Chicken Soup for the Soul: a books case that tries to be an “industry case”

Chicken Soup’s complaint is built around an expansive theory: that multiple leading AI companies (not just Anthropic) allegedly copied and used pirated versions of Chicken Soup books at multiple steps in the AI development lifecycle—acquisition, ingestion, storage, deduplication, tokenization, training, fine-tuning, and sometimes retrieval-augmented generation.

The grievance is therefore framed as repeated infringement “throughout the lifecycle,” not a single discrete act. The complaint’s rhetorical centerpiece is a causal origin story: it alleges that the modern commercial LLM era begins with an OpenAI employee allegedly downloading Library Genesis books in 2018, creating internal datasets (later “Books1/Books2”), then training GPT-3; that act is described as the template that others followed. From there, it points to EleutherAI’s release of The Pile and the construction of Books3—allegedly built from a piracy tracker—and argues that the book-piracy substrate became a reusable industrial input for the entire sector.

Two additional grievances are worth noticing because they reveal what plaintiffs are optimizing for:

They do not want a class action. Chicken Soup explicitly says it is choosing individualized statutory damages and jury determination rather than a class structure that could produce what they portray as “pennies on the dollar” settlements. That is a strategic shot across the bow: it signals an intent to maximize statutory-damages leverage rather than accept an industry-wide compromise.
They want to treat “pirated-source provenance” as willfulness.
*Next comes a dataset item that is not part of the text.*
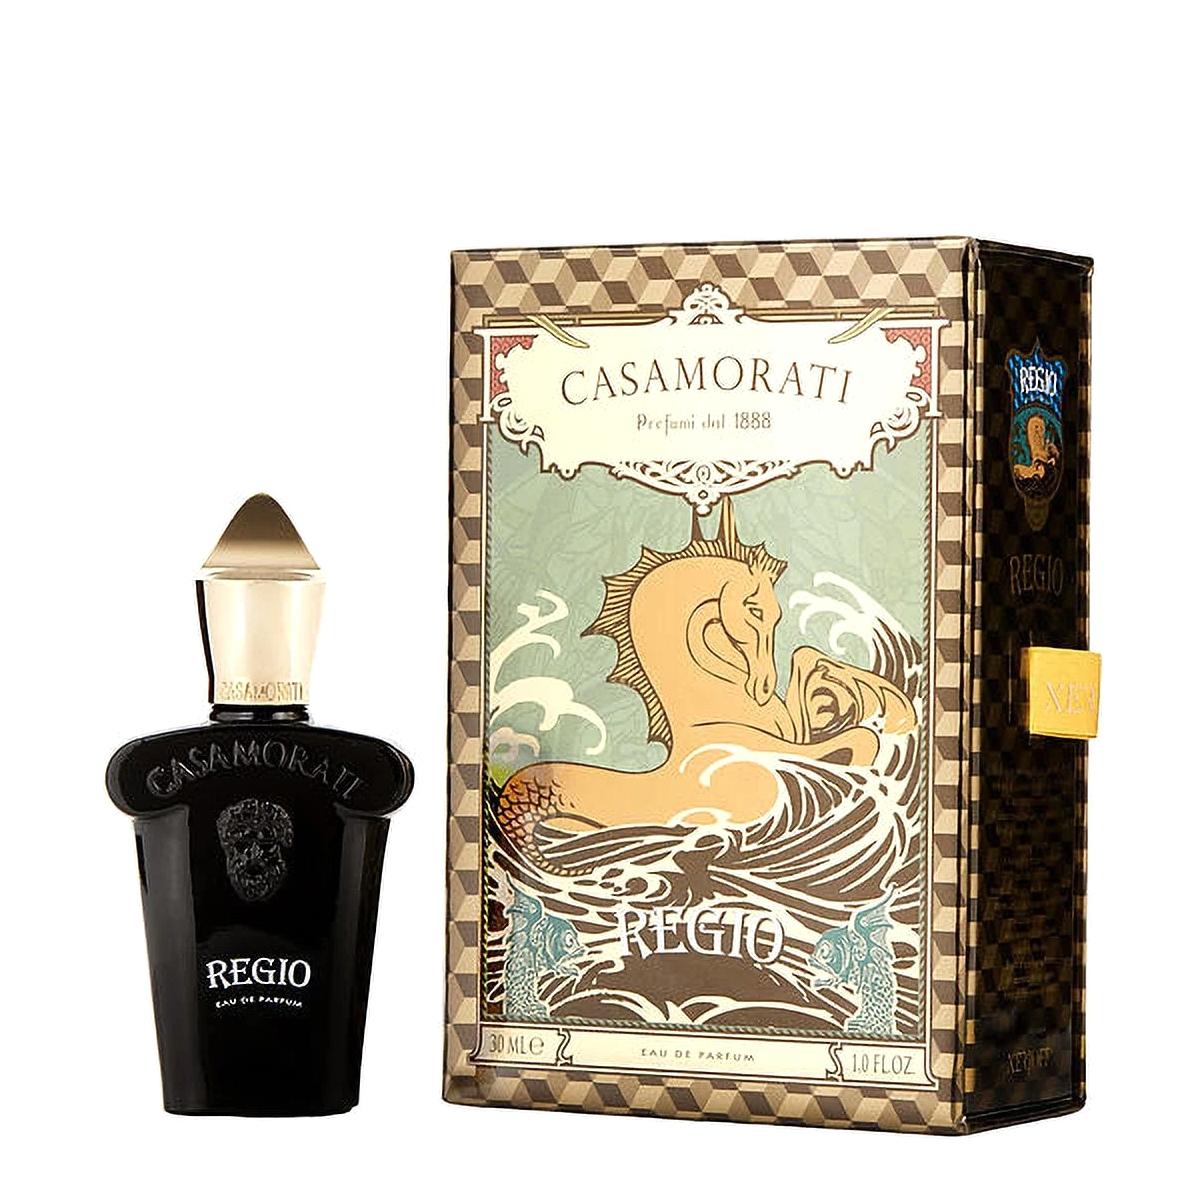 CASAMORATI Unisex parfem1888 Regio EDP 30ml

The complaint doesn’t merely claim use of unauthorized copies; it repeatedly frames the alleged reliance on notorious shadow libraries as proof that defendants “knew” the sources were illegal, ignored warnings, and concealed dataset composition.

BMG v. Anthropic: a music-lyrics case that targets pipeline steps (and CMI)
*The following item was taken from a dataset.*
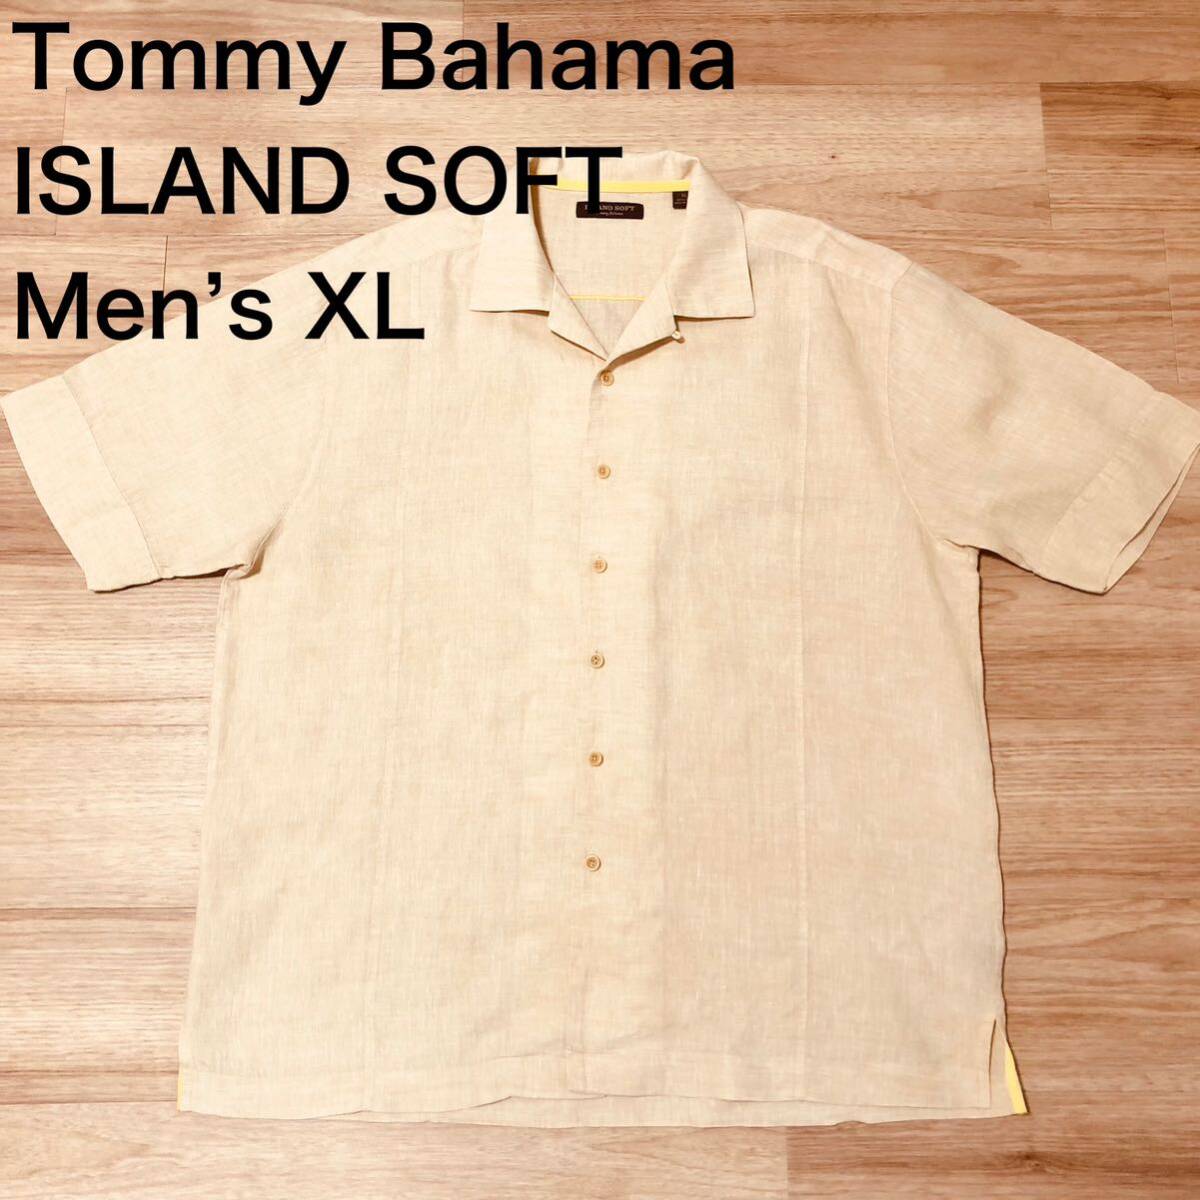 【送料無料】Tommy Bahama ISLAND SOFTリネン100%アロハシャツ ベージュ メンズXLサイズ トミーバハマハワイアン麻半袖シャツの画像1

BMG’s complaint is more surgical and process-driven. It alleges that Anthropic used copyrighted lyrics in model development and that Claude can output substantial lyric text in response to prompts. But the claim structure pushes harder than prior lyrics cases on how the sausage is made:

Direct infringement in training and output: using lyrics to train and generating infringing outputs.
Direct infringement by torrenting: a separate claim alleging infringement through acquisition/distribution mechanics associated with torrenting.
Contributory and vicarious infringement: theories aimed at Anthropic’s role in enabling user or customer infringement and benefiting from it.
Removal or alteration of Copyright Management Information (CMI): a DMCA §1202-style claim arguing that “cleaning” processes and extractor tools removed copyright-identifying information embedded in text.

BMG also foregrounds an interpersonal grievance: it claims BMG sent a cease-and-desist letter in December 2025 and Anthropic did not respond. In litigation terms, that allegation is not about etiquette; it’s about willfulness, irreparable harm, and injunctive posture.

Assessing the quality of the evidence: what’s demonstrable vs what’s inferred

These complaints do not “prove” their claims at filing; they are designed to survive early motions and force discovery. The key question is whether the allegations are anchored in evidence that a court will treat as more than speculation.

Where the cases look strongest (because the facts are testable)

1) Output demonstrations (BMG). If Claude outputs substantial portions of specific song lyrics under reproducible prompting, that is the cleanest kind of early evidence: it can be tested by both sides, and the dispute shifts to interpretation (guardrails, memorization, substantial similarity, fair use, etc.), not mere plausibility.

2) Pipeline + intent hooks (BMG’s CMI theory). The CMI allegation is potentially powerful because it doesn’t require proving that every lyric was copied—rather, it tries to show a systematic process that predictably strips the very metadata that helps rightsholders identify and manage works. Whether that becomes a winning claim depends heavily on discovery: what exactly the extractor tools did, whether CMI was in fact removed, and whether the court credits the inference that the removals were knowing and designed to facilitate infringement.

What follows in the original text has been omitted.